That's the issue I've had and can only get bentonite here, sparkoloid doesn't seem to be available and the shipping costs are prohibitive.

Apparently, hazes like that should drop out, but the one I've got problems with at the moment was sweetened about a year ago and it's still cloudy - the original sediment dropped out nicely and it cleared but then I back sweetened it with the same honey, which causes it to cloud up and it's stayed like that since.

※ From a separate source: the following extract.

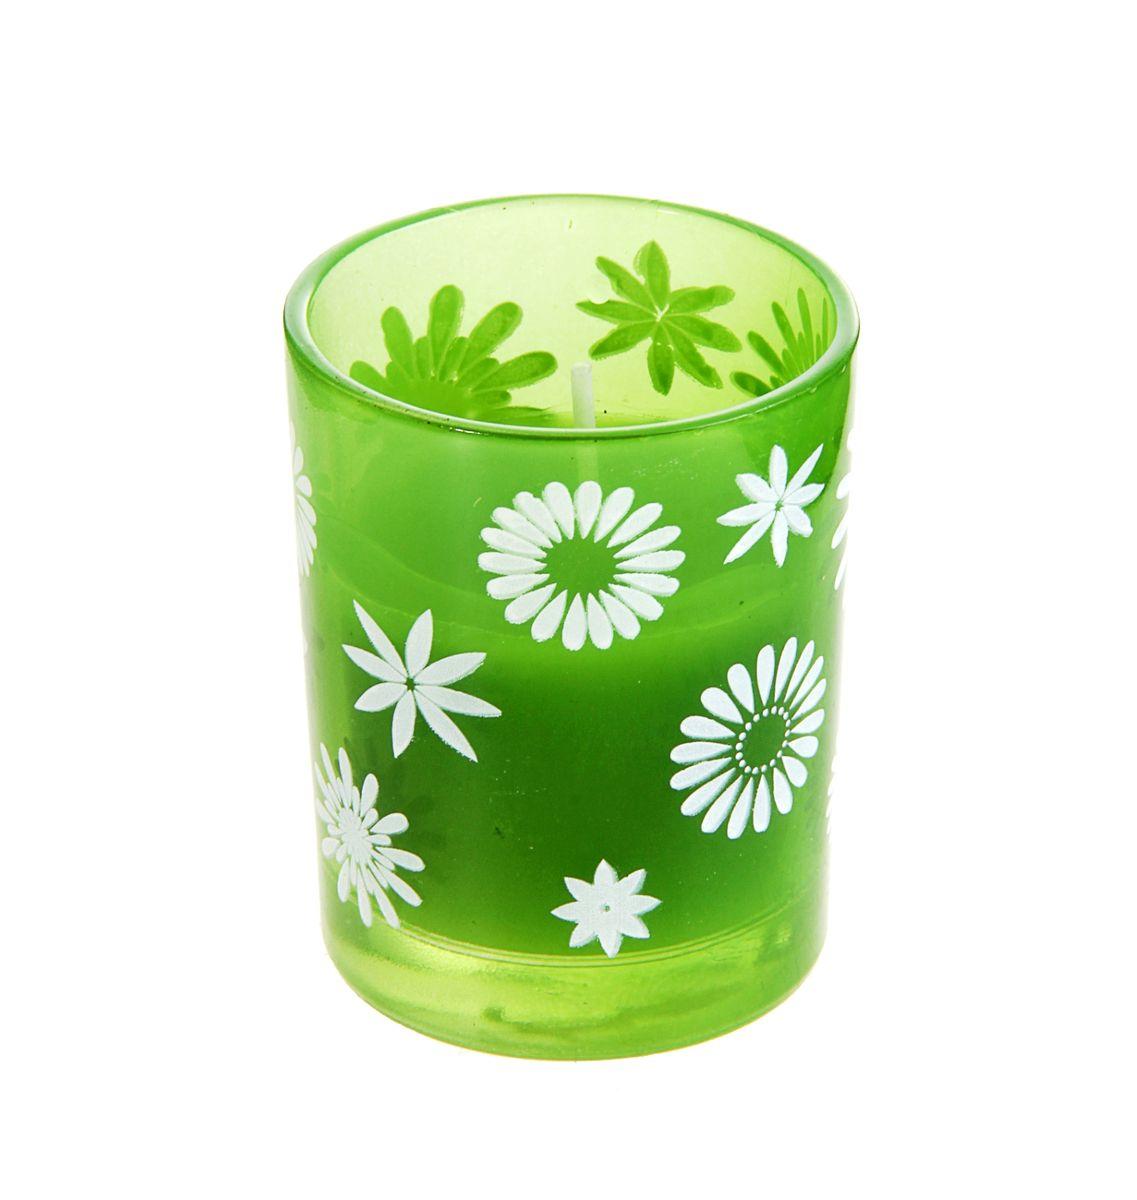 Свеча Sima-land Цветочки, цвет: зеленый, белый, высота 6 см167184Свеча Sima-land Цветочки изготовлена из воска и поставляется в подсвечнике в виде стеклянного стакана, оформленного изображениями цветов. Изделие отличается оригинальным дизайном и изяществом. Такая свеча может стать отличным подарком или дополнить интерьер вашей комнаты.

Thinking of trying 2 part finings on it to see if they do they job or not.....


----------



## Wade E (Dec 18, 2010)

Against everything Ive read about filtering Ive had this same problem and I filtered it and it came out crystal clear. I always been told not to even try to filter a wine that wasnt already crystal clear but I had already fined this wine once and didnt want to subject it to another fining. Even if you added bentonite in the beginning its not considered fining so if you havent done it since primary try the bentonite now. I dont typically use fining agents unless I have a problem like this anymore but for some reason I made a kit a few weeks back and followed the instructions and used the fining agent and now the wine is sitting on a bunch of sediment but still isnt clear. Maybe be another victim to filter.


----------



## fatbloke (Dec 18, 2010)

Wade E said:


> Against everything Ive read about filtering Ive had this same problem and I filtered it and it came out crystal clear. I always been told not to even try to filter a wine that wasnt already crystal clear but I had already fined this wine once and didnt want to subject it to another fining. Even if you added bentonite in the beginning its not considered fining so if you havent done it since primary try the bentonite now. I dont typically use fining agents unless I have a problem like this anymore but for some reason I made a kit a few weeks back and followed the instructions and used the fining agent and now the wine is sitting on a bunch of sediment but still isnt clear. Maybe be another victim to filter.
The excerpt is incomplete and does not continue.